## Work instructions
Output every line of the material exactly, omitting images.

## Supplied data
....................

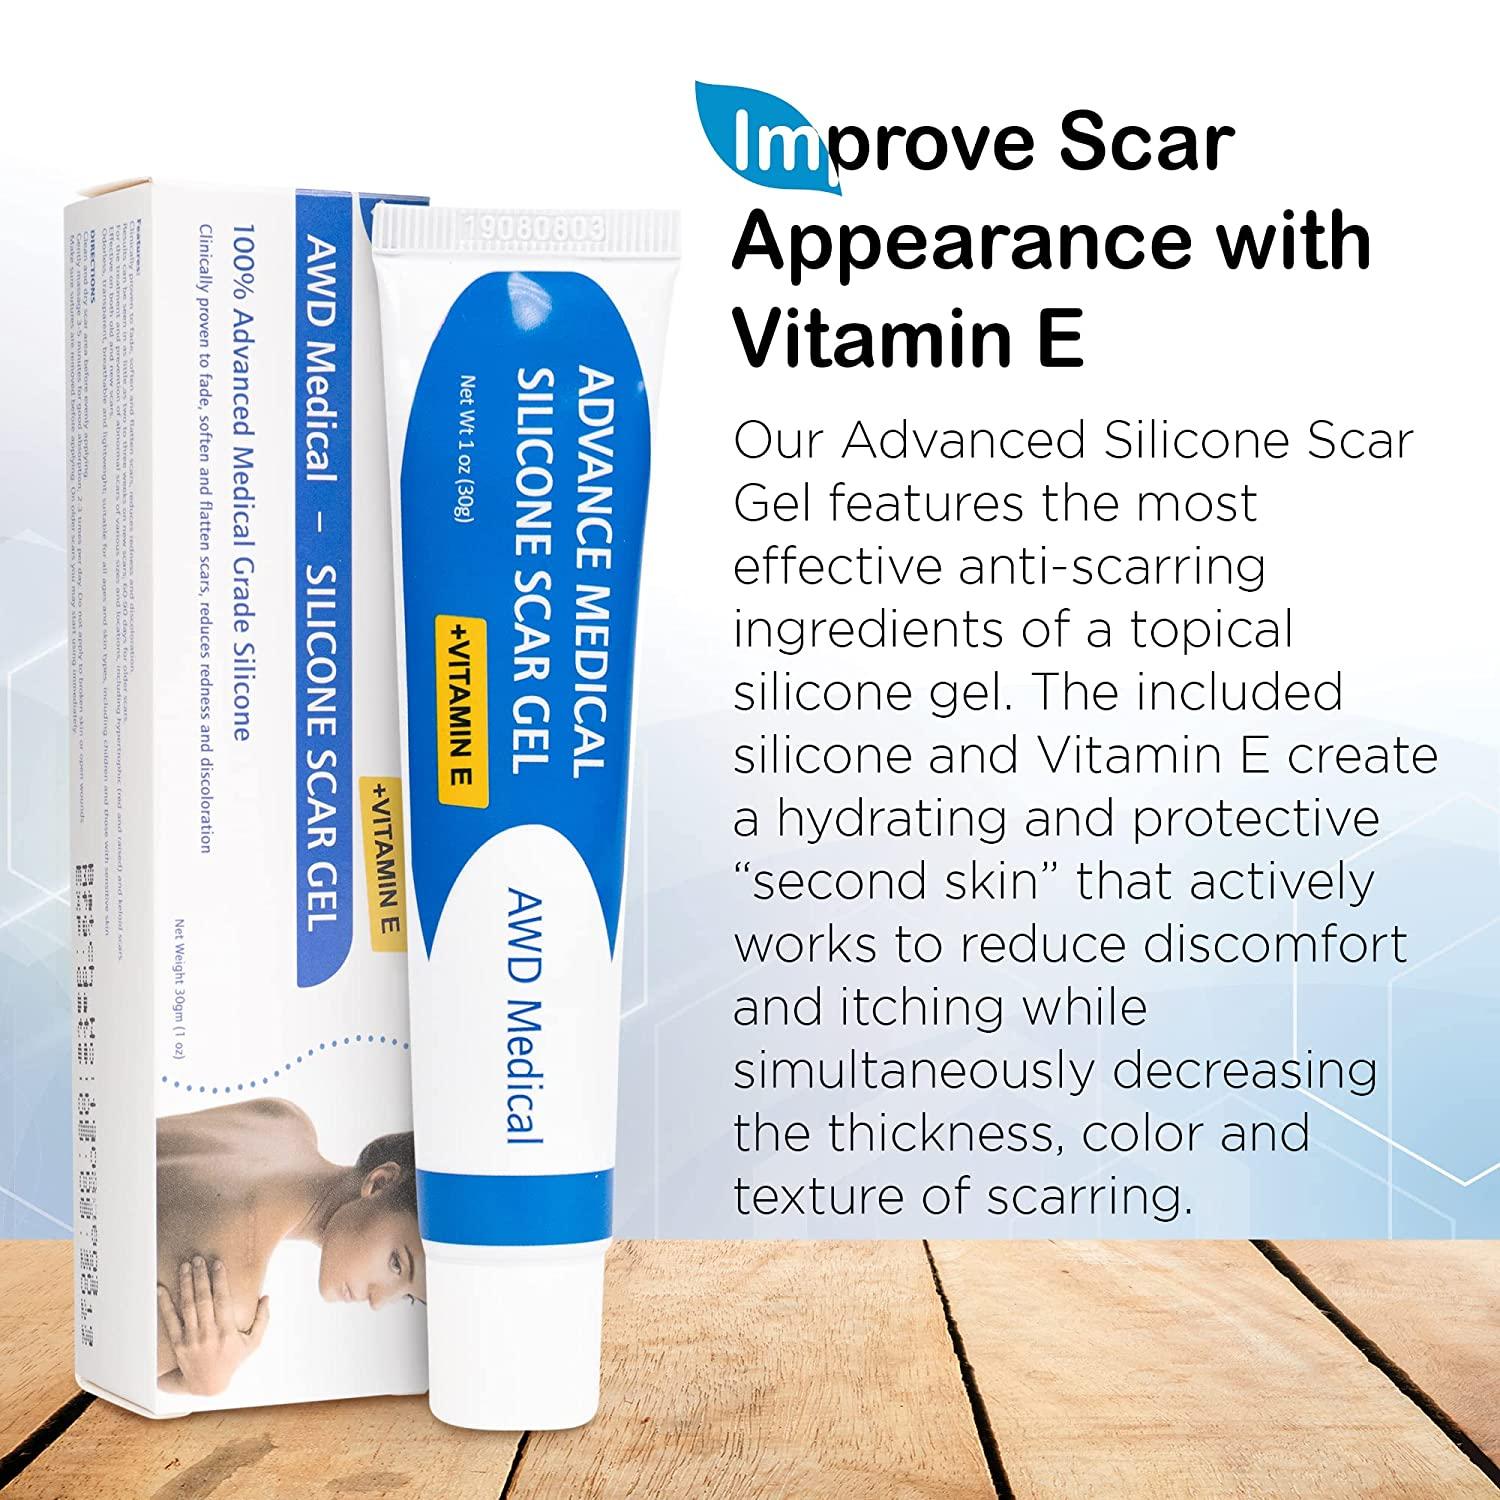 AWD Medical Silicone Gel - Scar Removal For Old & New Scars, Protective  Skin Care Cream, Helps Surgery Recovery, Acne Scar Treatment For Face &  Back, Healing Ointment With Vitamin E Oil
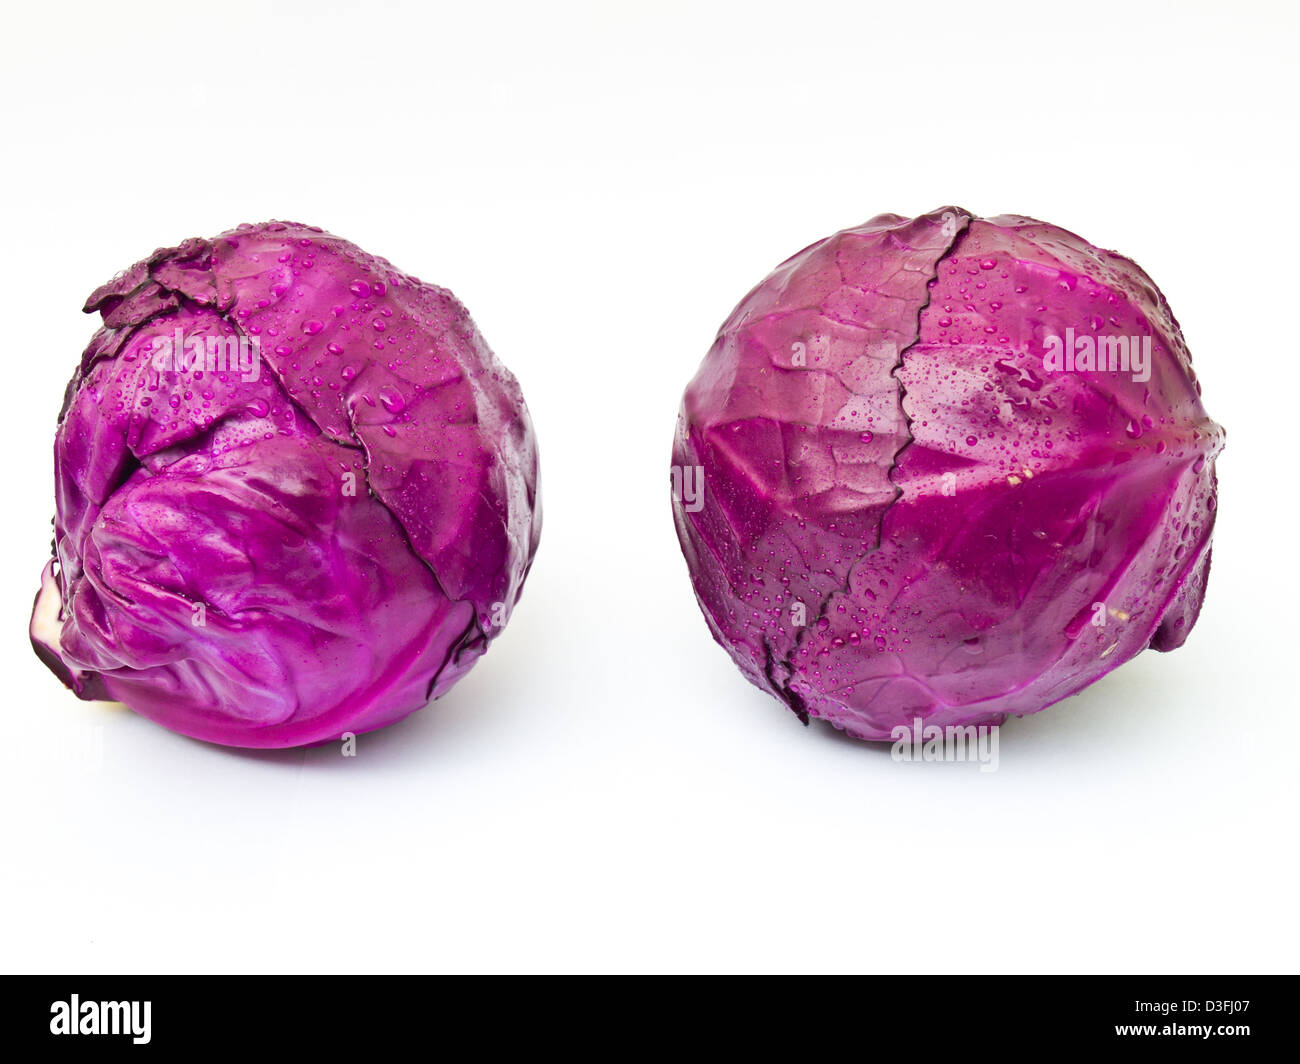 Red cabbage heads isolated on white background Stock Photo
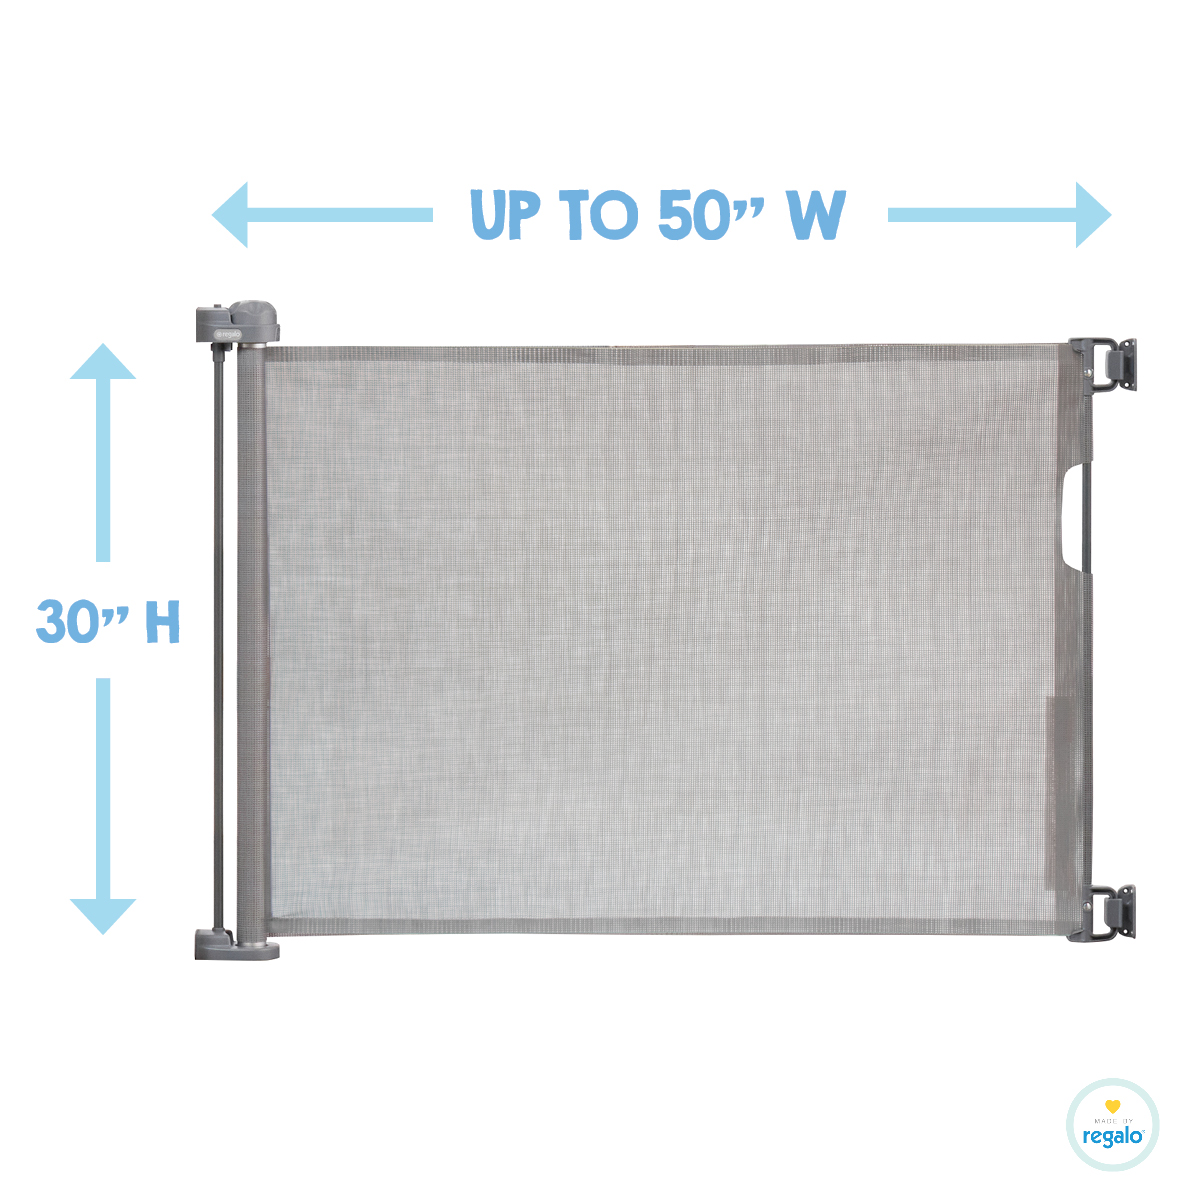 Regalo Retractable Baby Gate, Expands up to 50" Wide, Includes Wall Mounts - image 2 of 5

....................

## Expected output
 AWD Medical Silicone Gel - Scar Removal For Old & New Scars, Protective  Skin Care Cream, Helps Surgery Recovery, Acne Scar Treatment For Face &  Back, Healing Ointment With Vitamin E Oil
 Red cabbage heads isolated on white background Stock Photo
 Regalo Retractable Baby Gate, Expands up to 50" Wide, Includes Wall Mounts - image 2 of 5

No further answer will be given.